Itu berlaku hanya untuk Abinya Zahra saja. Karena bagiku, Cinta dan kesetiaan juga sudah cukup. Apalah arti sebuah Harta, kalo tifak ada Cinta hidup pastilah hampa. Sepertinya aku sudah gila Cinta dan kesetiaan. Ah! Ini pasti gara-gara Arman. Lhoh, kenapa Arman lagi yang dibawa-bawa? Asudahlah.

“Awas itu bibir kebuka mulu, sampe garing gitu.” kataku.

Membuat Zahra mengatupkan kedua bibirnya dan menoleh padaku. Dia tersenyum manis memperlihatkan deretan gigi putihnya.

“Kenapa senyum-senyum gitu? Kamu kesambet? Kesambet cintanya Mas Ridwan?” aku selalu memanggil Zahra dengan sebutan aku-kamu, dari jaman awal kenal sampai saat ini. Alasannya karena... Abi dan Uminya Zahra tidak mengizinkanku berbicara lo-gue kalo sama Zahra. Ampun banget kan mereka? Aku saja kadang bicara sama Mbak Mila suka lo-gue, padahal umur kita beda enam tahun.

Kepala Zahra menggeleng.

“Terus?” seruku menggema di seluruh ruang tengah milik rumah Zahra.

Terdengar Zahra menghela napas. Dia sabar banget kayaknya punya sahabat sepertiku. Kusuka gayamu Zahra. “Jadi gini Na, kamu kan lagi cari pasangan yang mau diajak nikah cepet-cepet nih. Nah, Mas Ridwan punya kenalan. Dia juga sama kayak kamu, lagi cari yang seriusa—”

“OKE! Nggak usah dijelasin lagi. Aku udah ngerti. Sekarang, bilang sama Mas Ridwan, aku mau di kenalin sama temannya. Sekalian, Kasih aja nomorku ke temannya. Kapan kita bisa ketemuan?”

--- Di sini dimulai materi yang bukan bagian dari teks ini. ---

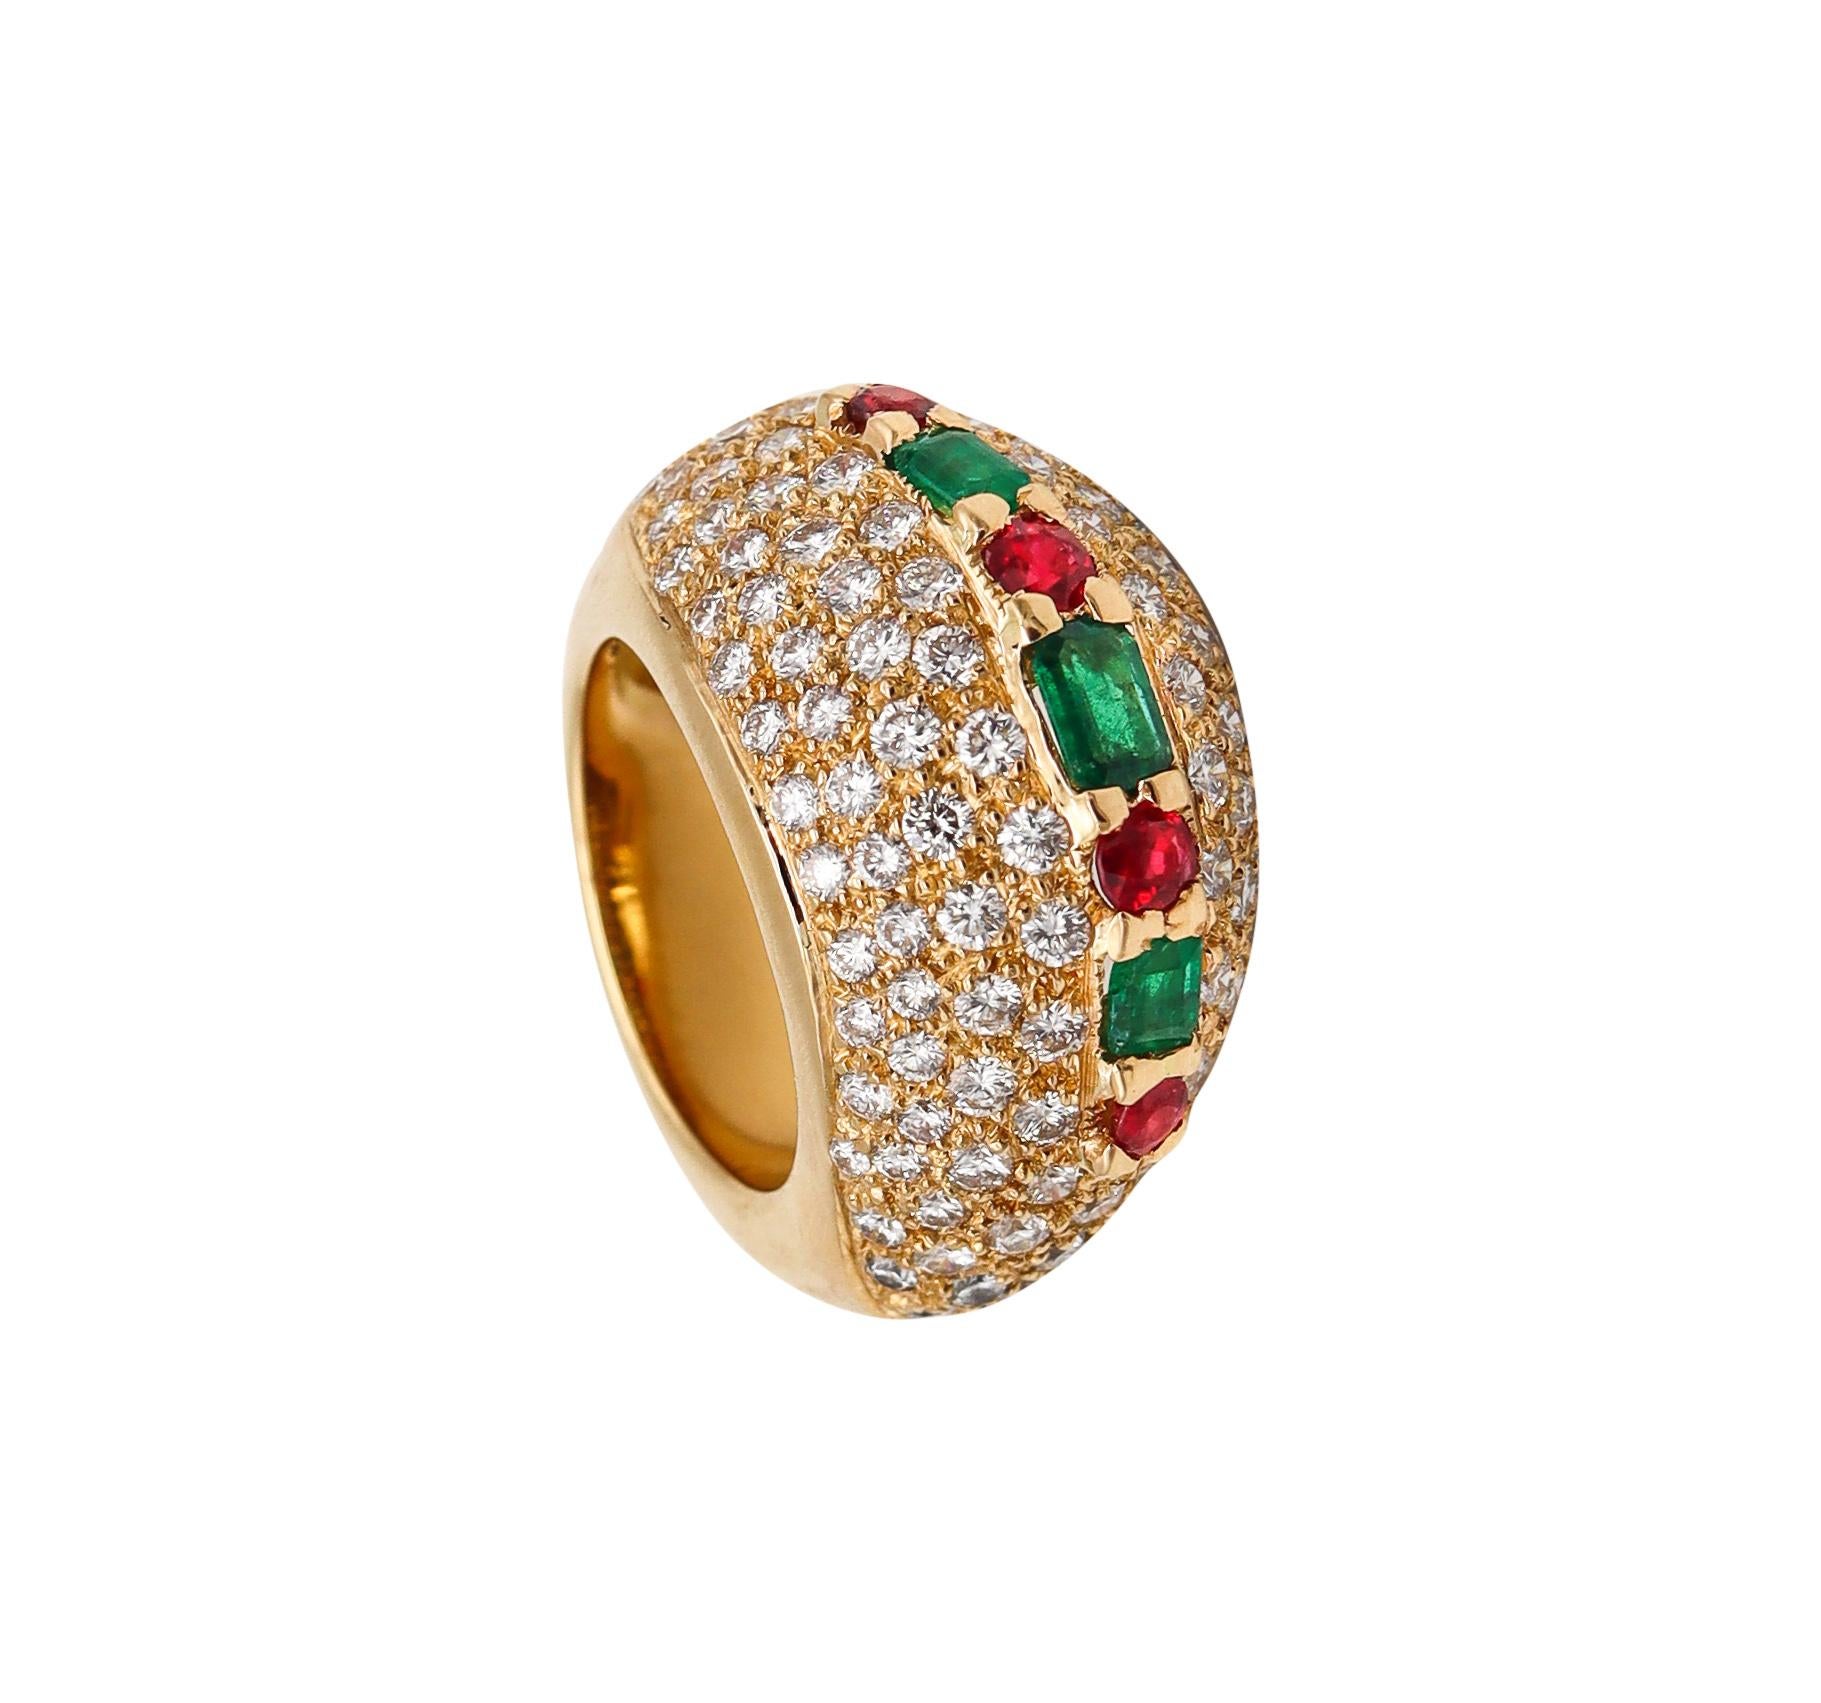 French Modern Cocktail Ring in 18Kt Gold with 7.32 Cts Diamonds Emerald Rubies 4

Cerocosanku hanya dibalas putaran kedua bola saja dari Zahra. Tapi wanita itu tak urung untuk melaksanakan apa yang aku perintahkan.

“Udah. Katanya siang ini bisa. Hape kamu mana? Barangkali dia sms kamu.”

Langsung saja aku merogoh saku celana jeans, mengambil ponsel disana. Mengecek ponsel, ternyata ada satu pesan dari nomor asing. Kutebak dia adalah temannya Mas Ridwan, yang entah siapa namanya dan bagaimana rupanya. Semoga saja aku bisa cepat bertemu dengannya dan duduk di pelaminan bersama. Nah, mulai lagi sesi khayalnya.

0877******** :

Assalamualaikum...

Yah! Nomernya XL gaesss... Sedangkan aku Telkomsel. Bales tidak, ya? Mahal tidak sih? Bukannya aku pelit, hanya saja ini pulsaku tinggal sedikit. Telkomsel memang murah, tapi kalo cuma sesama saja. Kalo beda? Pulsa 10000 ribu cuma bisa nelpon beberapa menit saja!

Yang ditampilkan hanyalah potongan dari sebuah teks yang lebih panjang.